Comparison curves between the estimated and ground-truth 6-DoF position and orientation in three scenarios. The blue curves indicate the ground truth, and the orange curves indicate the estimated results. The $X$ , $Y$ , $Z$ , and yaw components exhibit close tracking between estimation and ground truth across all scenarios, while relatively larger deviations are observed in the roll and pitch components.

The error statistics of the proposed method for diver’s 6-DoF position and orientation estimation under different scene conditions are summarized in Table 2, including component-wise errors for each degree of freedom, translation error, rotation error, RTE, and the ADD metric. The results indicate that, in the close-range scenario, the proposed method achieves high accuracy. The errors of the three translation components remain low: the errors in the $X$ and $Y$ directions are both below 3 cm, while the error in the $Z$ direction is 12.77 cm. In addition, the overall translation error and RTE are 13.84 cm and 4.46%, respectively. For rotation, the errors in roll, pitch, and yaw are 7.32°, 6.14°, and 2.14°, respectively, with an overall orientation error of 10.84°. In this scenario, ADD(0.5) reaches 99.23%, indicating that the proposed method provides accurate and stable estimation performance at close range.

Table 2.

Error results of driver 6-DoF position and orientation estimation.

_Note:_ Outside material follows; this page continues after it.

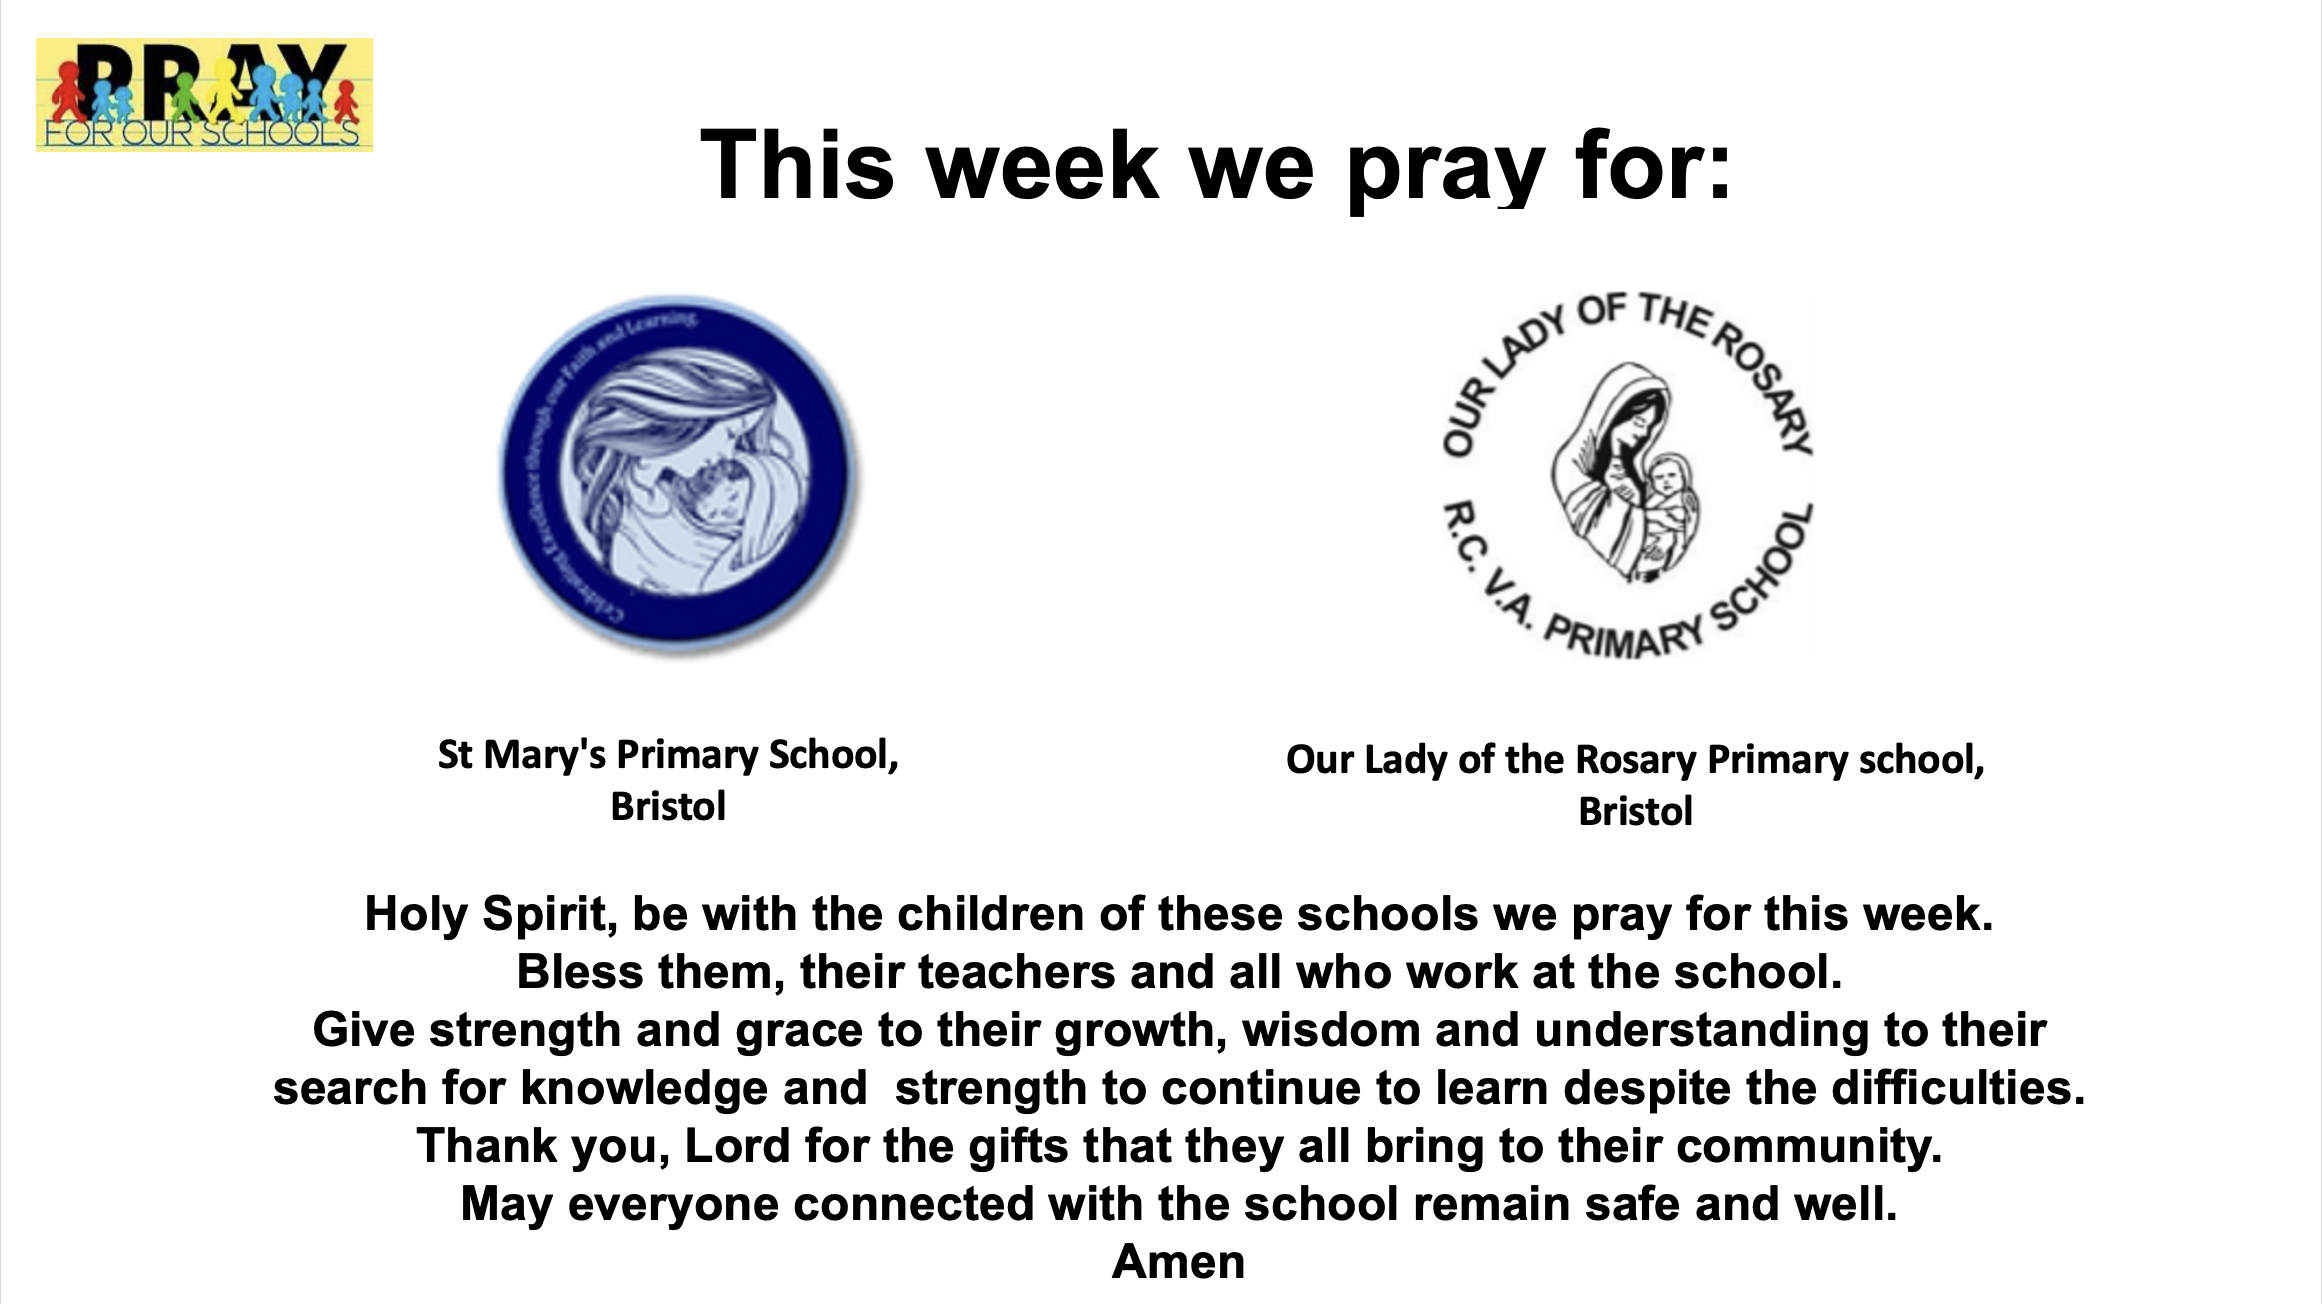 This week we pray for: St Edward's School, Cheltenham and St Peter's Catholic School, Gloucester

Scenario	X Error (cm)	Y Error (cm)	Z Error (cm)	Roll Error (°)	Pitch Error (°)	Yaw Error (°)	Trans Err (cm)	RTE	Orient Err (°)	ADD (0.5)
Close Range	2.43	2.62	12.77	7.32	6.14	2.14	13.84	4.46%	10.84	99.23%
Medium Range	6.61	2.89	29.85	8.13	9.37	3.03	31.48	6.33%	14.44	96.98%
Long Range	14.47	7.10	43.01	5.27	10.53	2.82	47.37	4.41%	12.86	80.92%
Overall Mean	7.33	4.04	27.15	6.96	8.47	2.62	29.38	5.04%	12.58	93.07%

Open in a new tab

As the distance increases, errors generally rise. In the medium-range scenario, the translation error along the $Z$ axis increases to 29.85 cm, with an overall translation error of 31.48 cm and an RTE of 6.33%. The rotation errors also increase slightly across the degrees of freedom, yielding an overall orientation error of 14.44°. Meanwhile, ADD(0.5) remains at 96.98%, suggesting that the method retains strong robustness at medium range.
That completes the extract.